Artificial intelligence takes the highway to technological advancements as Google makes TensorFlow open source. TensorFlow was used by Google in many of the features and Google products. Some examples are Google Photos which return results to you by recognizing a place or objects in a photograph. Google’s voice recognition app and Google translate are other products that use TensorFlow.
How does it Work?
TensorFlow is an advanced version of DistBelief which was created by Google in 2011. DisBelief used machine learning to identify pictures by looking for certain characteristics in the photo. TensorFlow does the same thing but it moves step by step from one node to another gathering enough information for the identification of the photo.
Open sourcing such technology can make it easy for developers to come up with innovative ways of using the TensorFlow. In addition to this, Google explains that the technology is at its prime and needs to be developed further. By making TensorFlow open source, Google intends to enhance the use of this machine learning toolbox by making it available for anyone who can put it to use.
TensorFlow can be used by anyone who can express their computation as a data flow graph. Google provides many helpful subgraphs which are quite common in neural networks, but if you choose to put together your own subgraphs then you can do that as well. The flexibility of TensorFlow makes it easy for you to innovate around the tool so that you can come up with a satisfactory outcome.
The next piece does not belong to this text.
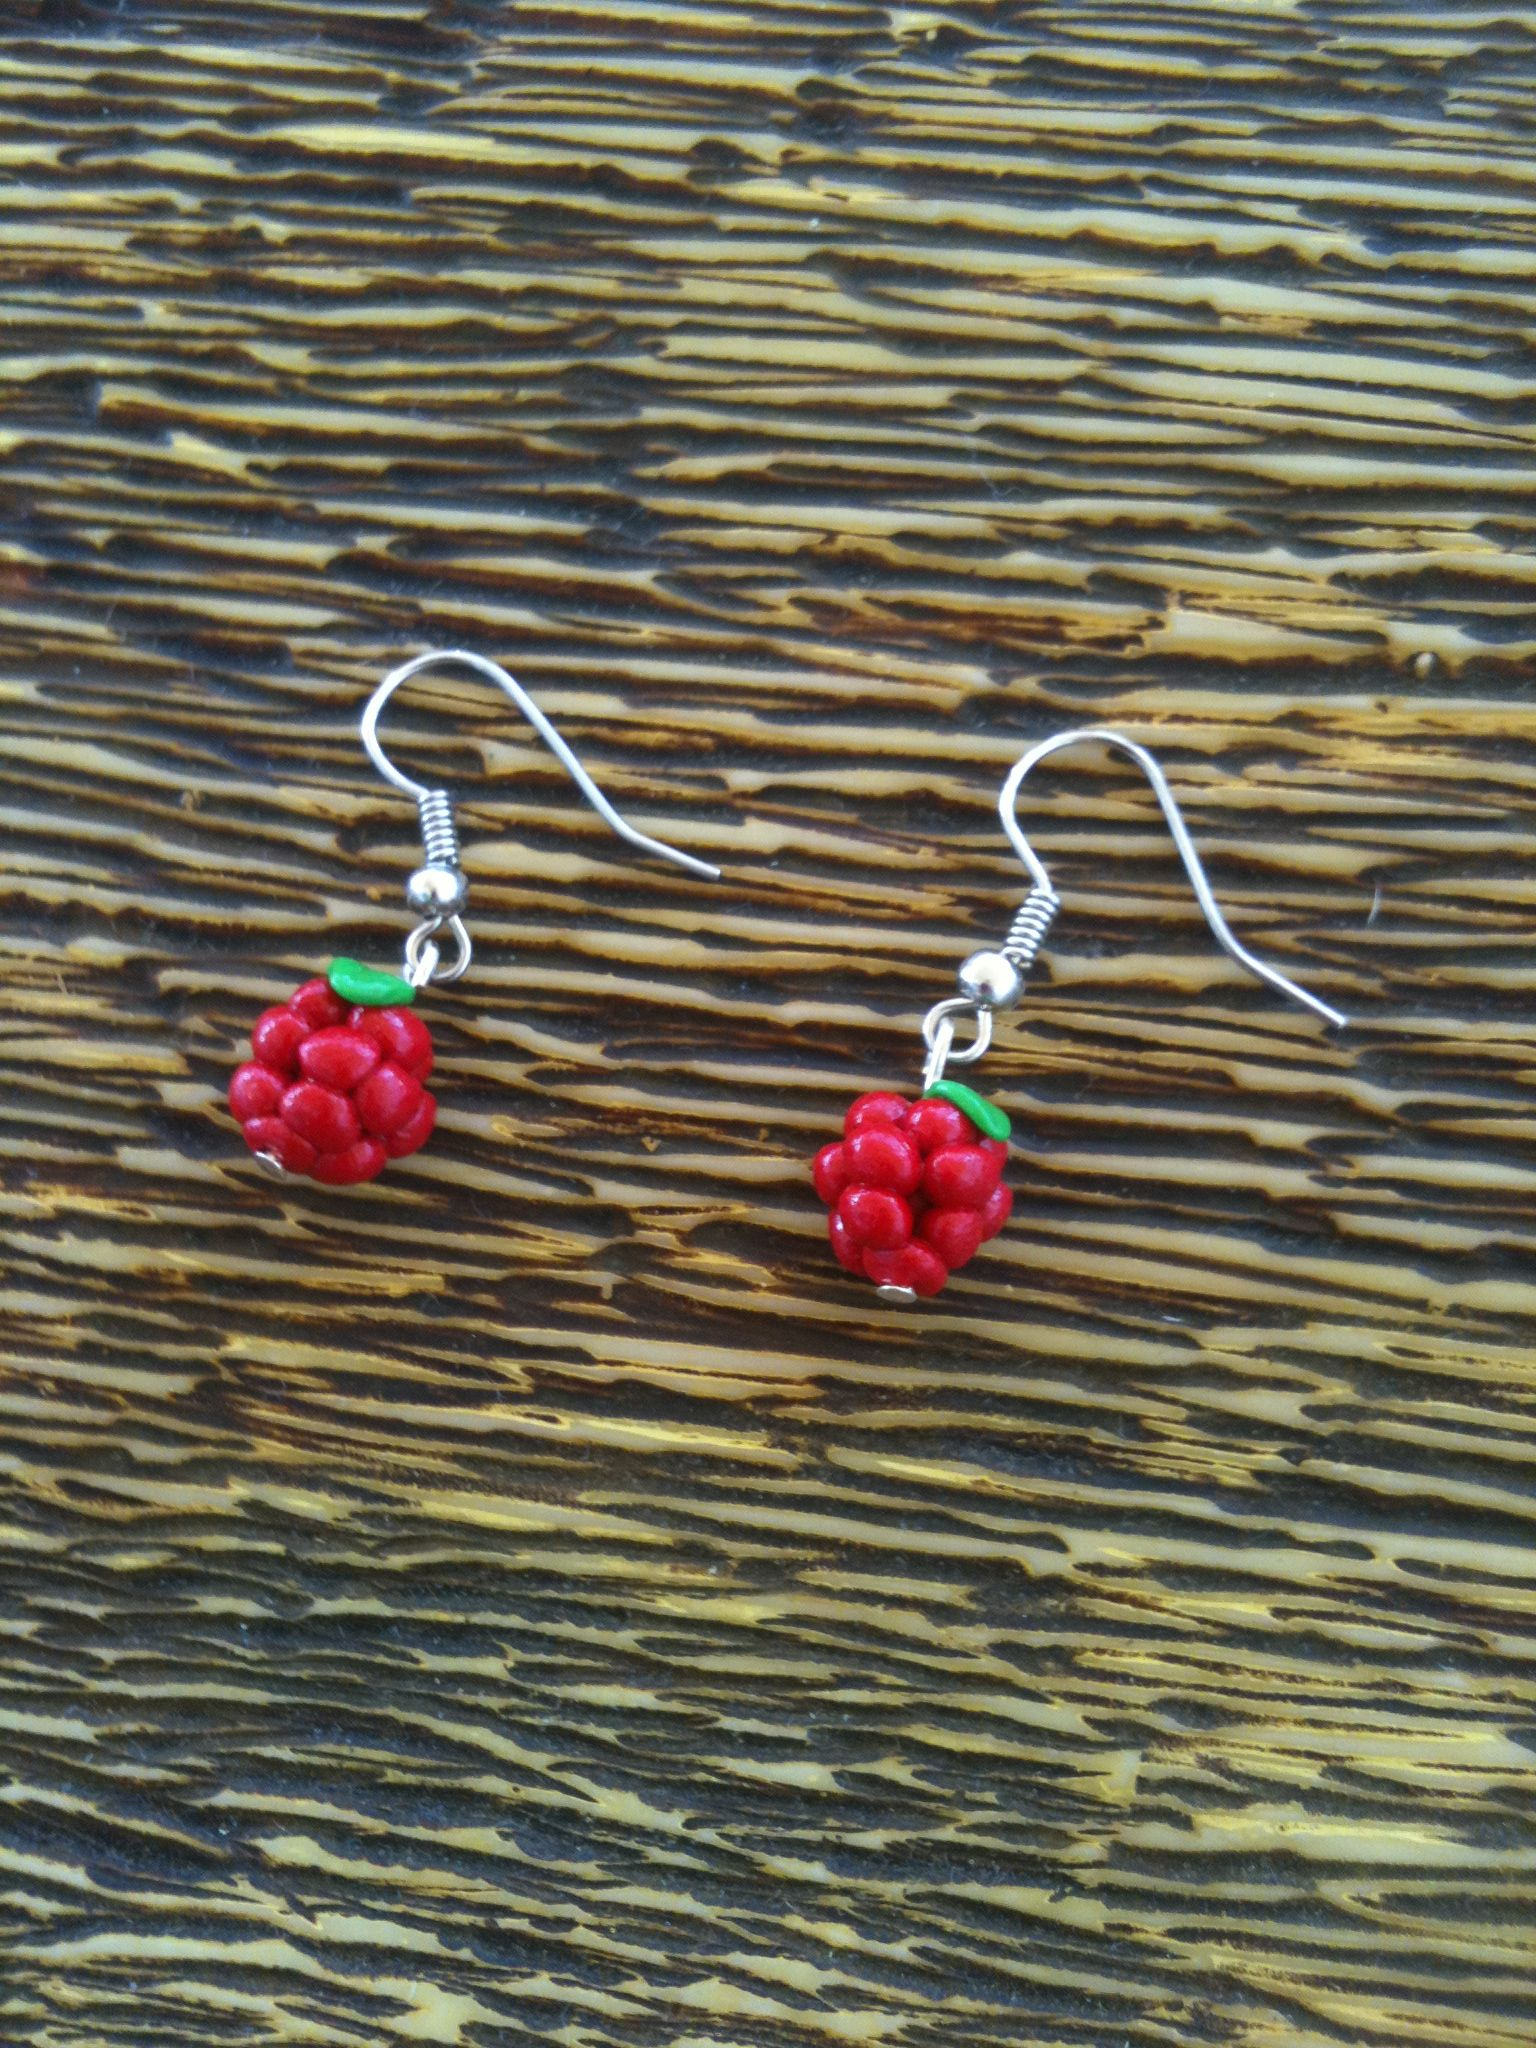 pendientes frambuesa fimo - berry earrings polymer clay fruit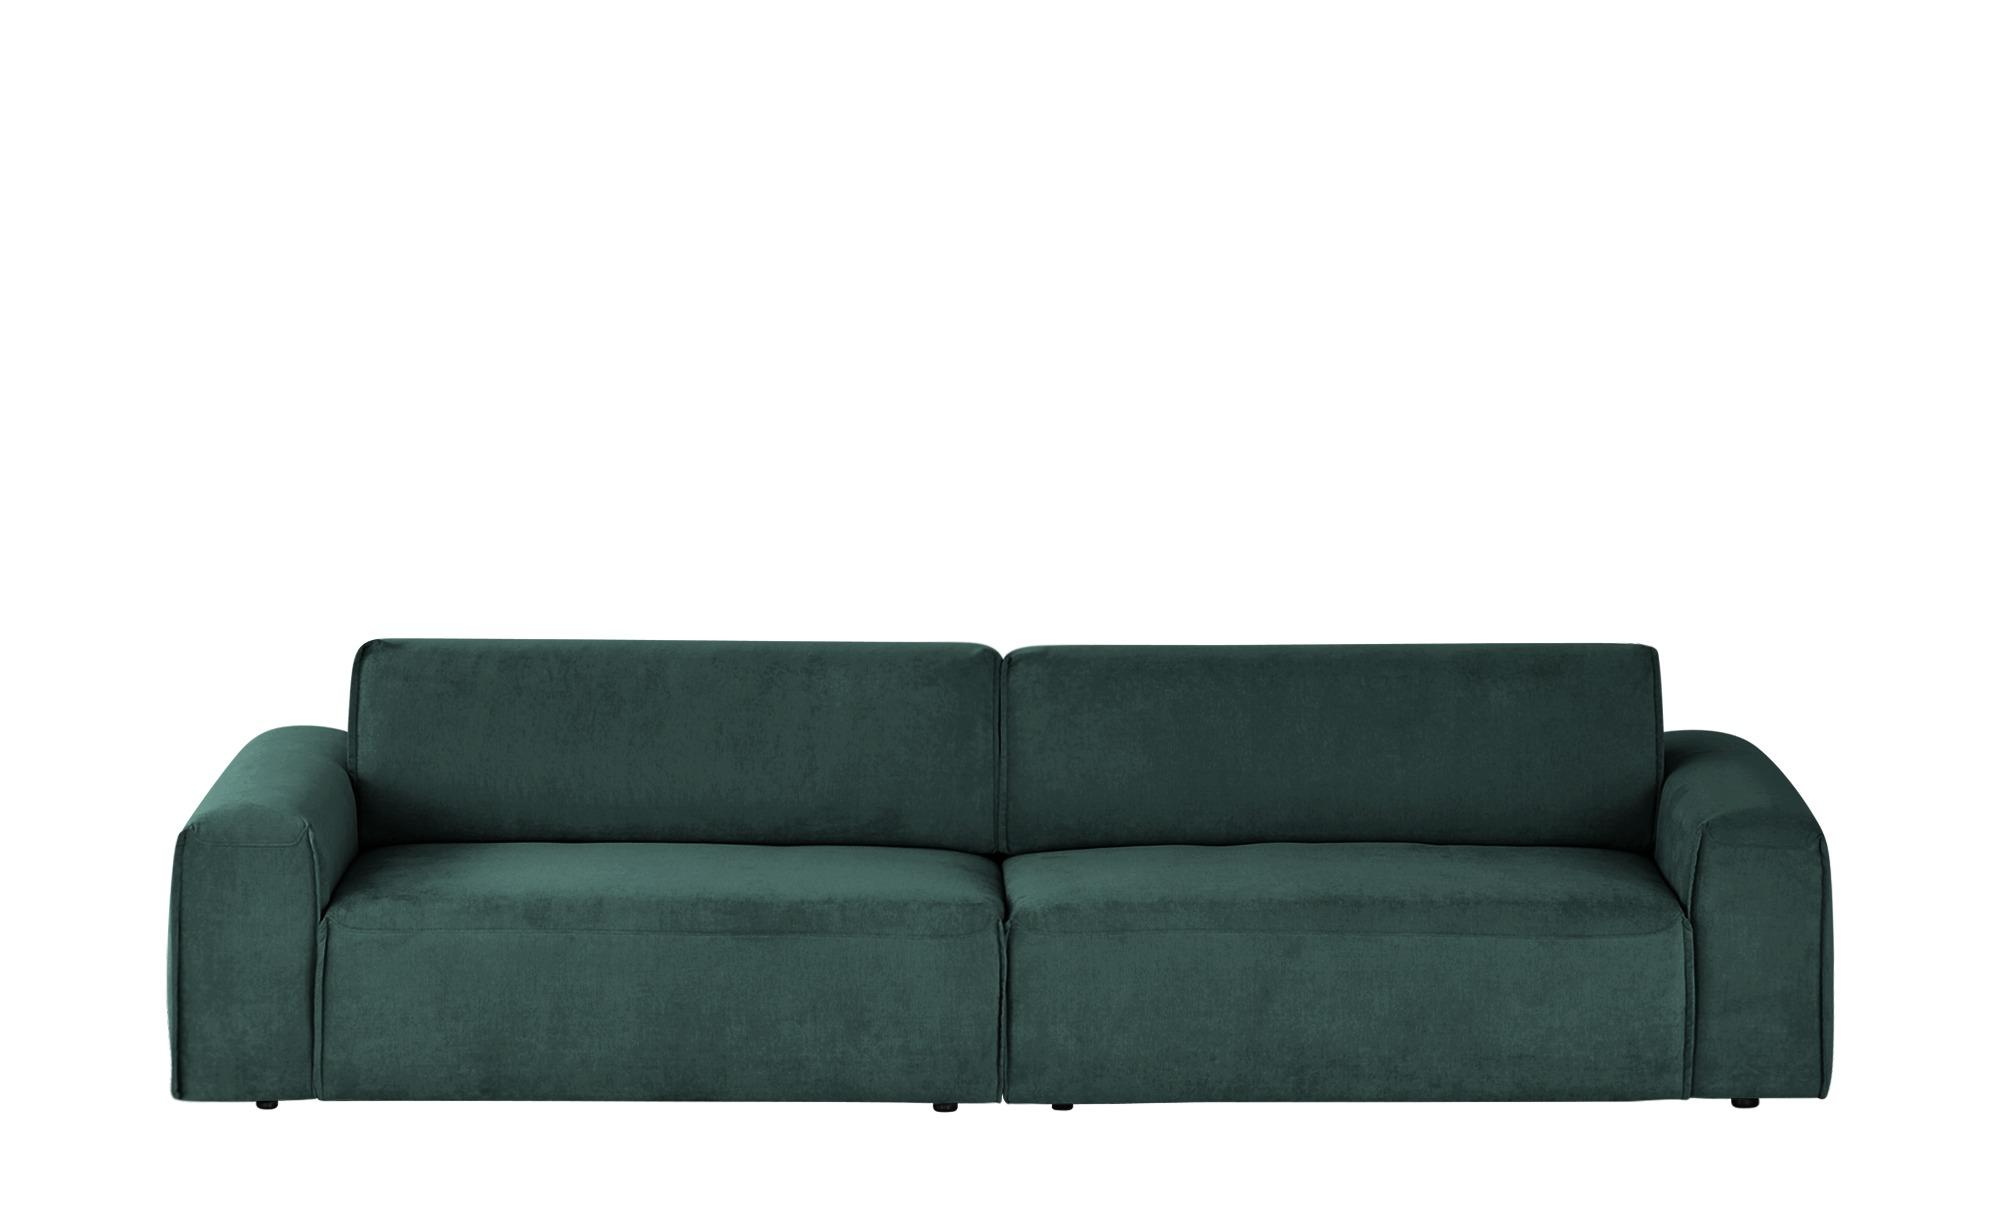 Max Schelling Big Sofa  Life ¦ türkis/petrol ¦ Maße (cm): B: 296 T: 120 Polstermöbel > Sofas > Big-Sofas - Höffner

TensorFlow can be used on your laptop without the need of special hardware, you can also run it on GPUs, desktops and servers. The ability of TensorFlow to work on different platforms without any change in codes makes it easy for you to play around with it especially when you want to run it on different devices.
Smooth Transition from Research to Production
Earlier it was a great step to move from the research phase to production, but Google simplifies the entire process. With TensorFlow it is easy to transition an idea into a product and bring it to the users. Researchers and developers find this to be easier and smoother. By connecting research and production, Google adds more value to TensorFlow.
The auto differentiation capabilities of TensorFlow are great for gradient based machine learning algorithms. You can define the computational architecture of your model and then combine it with your objective function and finally add data to it. Once this is done, TensorFlow will automatically compute the derivatives for you. You can check what is happening as your graph extends when the derivatives are being computed.
TensorFlow is mainly C++ with a significant amount of Python. Google plans to bring more languages to the TensorFlow later. For now, you can write in Python and C++.
TensorFlow makes the mode of the hardware you are using. This means that if you have a great system then TensorFlow is going to optimize the use of your system.
Google has made TensorFlow open source giving everyone an opportunity to play with this machine learning tool. Google has provided this tool to the public so that innovative minds can explore the uses of TensorFlow and come up with more ideas for it. The company plans to work on TensorFlow to make it better. By opening it to the public, Google wants to create an open source community where it can receive feedback on TensorFlow and also have contributions from other researchers in order to make TensorFlow better and more efficient.
TensorFlow is easy to use and it is well-tested because Google has already used it in many of its products. The results have been satisfactory which means TensorFlow can produce positive outcome for those who plan to use it. The many features of TensorFlow make it great for developers. The fact that Artificial Intelligence is an area that needs to be explored further, developers and researchers have the chance to utilize this opportunity that is being provided by Google. TensorFlow can make development of AI technology much smoother. This means that we may see tools and apps are coming up which utilize the unique TensorFlow.